If you can still log on to the SAP system,
check the system log of the SAP system using transaction SM21.
10.
Database logs (Oracle):-
All significant events such as starting and
stopping the database and error messages are present in the file
\oracle\<SID>\saptrace\background\ALRT.LOG.
This alert log can have any name like
alert_<sid>.log.
Detailed information about errors is logged
in the Oracle Trace File:
\oracle\<SID>\saptrace\usertrace\Ora<no>.trc. We can get the reference for number of this
trace file in alertlog file itself.
11.
Java system logs for troubleshooting purposes:-
Java uses the Startup and Control framework
for its startup. In the case of an error or unexpected behavior of the Startup
and Control Framework, it is important to check the following trace and log
files:
·
dev_jcontrol
·
dev_<node name>,
such as dev_dispatcher
·
jvm_<node name>.out,
such as jvm_dispatcher.out
·
std_server<X>.out,
e.g. std_server0.out
·
std_dipatcher.out
The trace and log files are stored in the
work directory of an instance. This directory is called
/usr/sap/<SID>/<instance name>/work.
dev_jcontrol : It is the trace file
for the JControl process. dev_jcontrol is the most important trace file for
problem messages when starting NetWeaver AS Java.

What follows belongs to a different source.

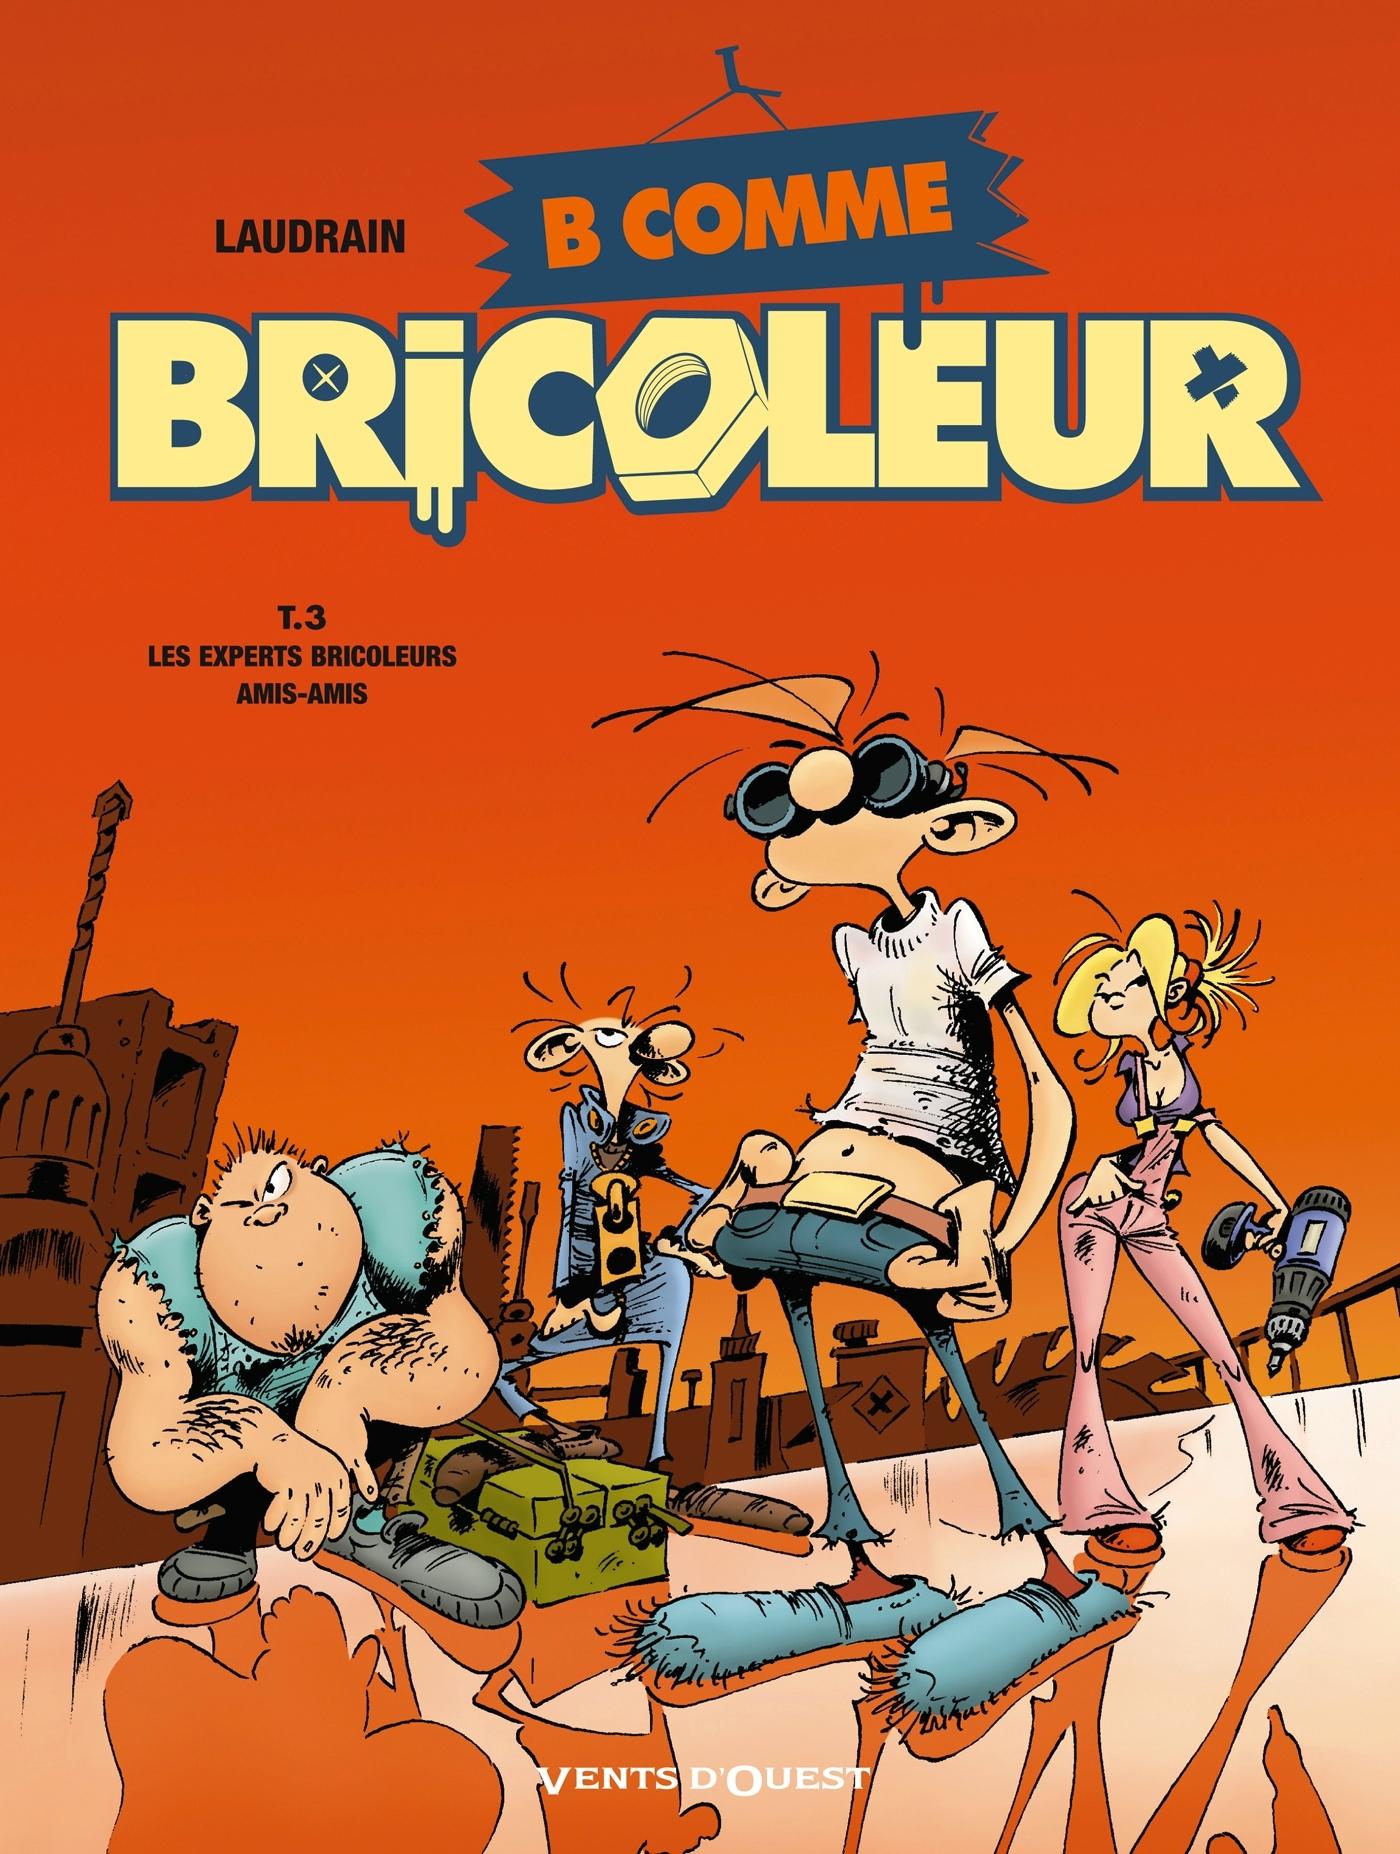 B COMME BRICOLEUR - TOME 03 - LES EXPERTS BRICOLEURS AMI-AMIS

The most recent messages are
written at the end of the file.
dev_<node name> : It is the trace file for
JLaunch processes. The trace file dev_<node name> is written for each
started JLaunch process, and therefore for every dispatcher and server process.
Examples are dev_dispatcher, dev_server0, dev_server1 etc.
jvm_<node name>.out : It is the output file for the
Java Virtual Machine (JVM). This JLaunch process represents a Java node such as
a dispatcher or a server and therefore a JVM.
std_server<X>.out and
std_dispatcher.out : These are
the default output files for the started managers and services of the
corresponding nodes.


All these trace and log files are very
important for troubleshooting SAP systems as these help:-
1.
To know why the system
went down.
2.
To know why the system is
not getting up/started.
3.
To know the component
where the problem lies.
4.
To know the action that
can be taken to bring the system back to stable state.